The American Heart Association recommends getting at least 150 minutes of moderate-intensity cardio exercise every week to keep your heart healthy. Going beyond that minimum can lower your risk of heart disease (and early death) even more, research shows.
Low-impact cardio workouts
So, what exercises qualify as low-impact cardio? Any of the following activities can get your heart rate pumping while going easier on your joints.
1. Swimming
The buoyancy of water, which allows you to float, works to reduce the effect of your body weight on your joints. “There’s just not as much pounding on your joints when you’re in water,” says Lawton. “It’s almost a zero-impact type of cardiovascular exercise.”
Swimming or water exercise is particularly helpful if you’re experiencing joint pain or stiffness, which can come from:
- Arthritis
- Fibromyalgia
- Obesity and overweight
- Pregnancy
- Reduced mobility from conditions like muscular dystrophy, cerebral palsy or multiple sclerosis
2. Cycling
Sitting on a bike seat and pedaling away keeps your weight off your feet, which minimizes the stress placed on your lower joints. “It makes a big difference when your feet aren’t on the ground,” notes Lawton.
The low-impact nature of cycling is why it’s often recommended while recovering from injuries to maintain muscle strength and cardio fitness.
3. Rowing
Exercising from a seated position on a rowing machine offers definite perks when it comes to limiting stress on your joints.
“Not being in an upright position really takes pressure off your body,” emphasizes Lawton.
4. Elliptical workouts
Smooth-moving elliptical machines protect your joints against jarring forces.
“You’re gliding instead of stepping up and down, which takes away that moment of impact when your feet touch down running or walking,” explains Lawton.
5. Vertical climbers
Towering vertical climbing machines are engineered to reduce the strain on your body as you mimic mountain climbing in a rhythmic motion using your legs and arms.
“It’s considered almost a zero-impact cardio exercise for your joints,” says Lawton.
6. Walking
Since your feet hit the ground, walking puts some stress on your ankles, knees and hips — but it’s A LOT less than the abuse your joints take while running. “It doesn’t have that jarring effect,” explains Lawton.
The slower pace of walking (compared to running) makes the activity doable for a wider group of people, too.

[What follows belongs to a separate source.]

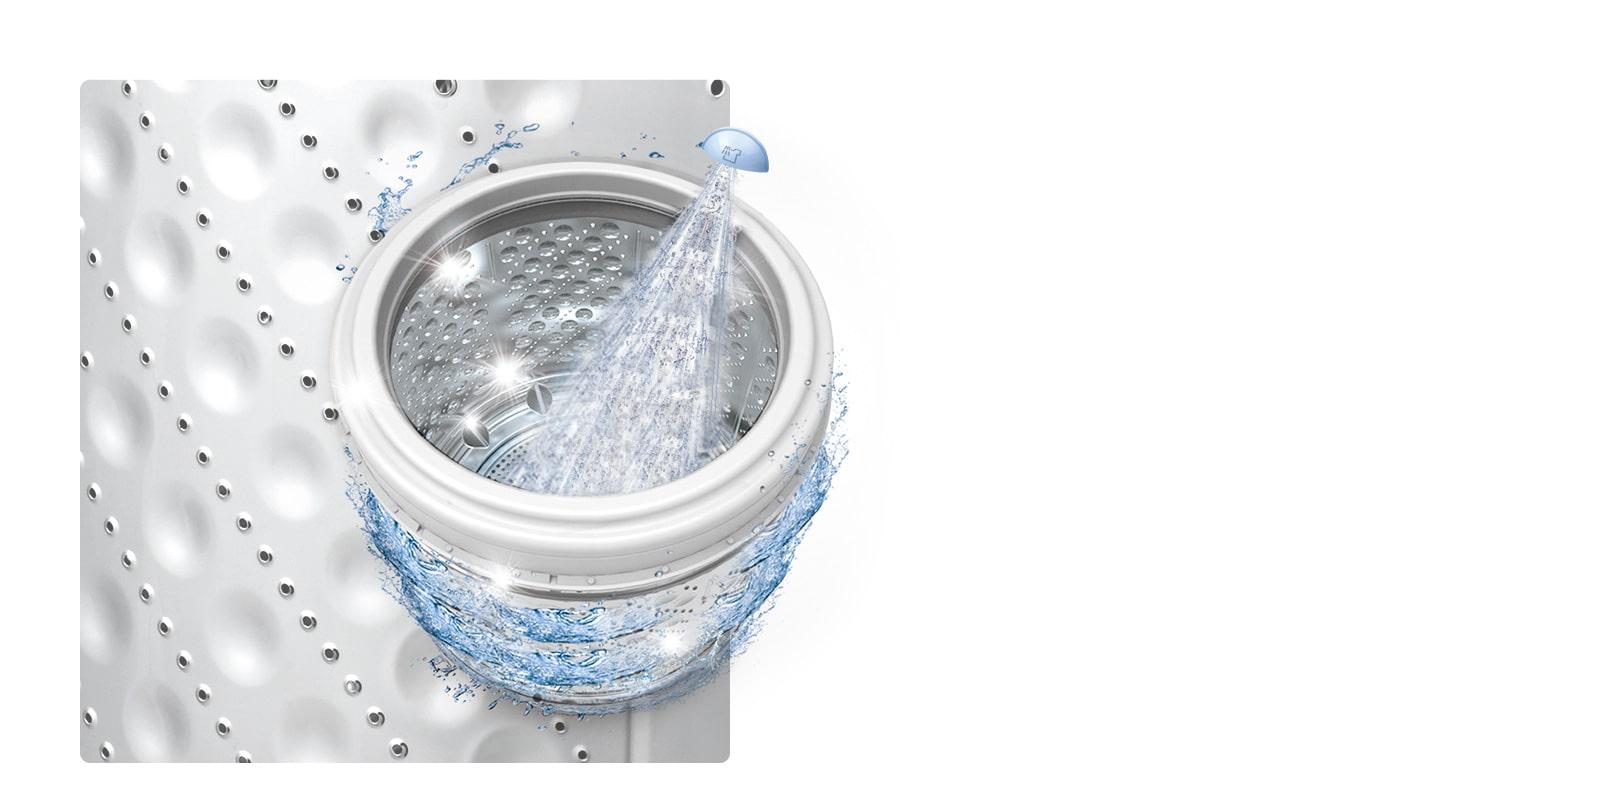 LG Auto Tub Clean

If you want to up the intensity level, walking inclines can boost the cardio component.
7. Hiking
Consider this the in-the-wild cousin of walking, with the same general benefits, plus the perks of traveling through more natural settings. Hiking on softer trail surfaces also puts less strain on your joints.
Does low-impact cardio deliver the same results as high-impact cardio?
It’s absolutely can! It all comes down to how you push yourself during the activity.
“If you’re cycling or on a rowing, elliptical or climbing machine, you can send your heart rate through the roof if you go hard enough,” says Lawton. “The only real difference is in what your joints go through.”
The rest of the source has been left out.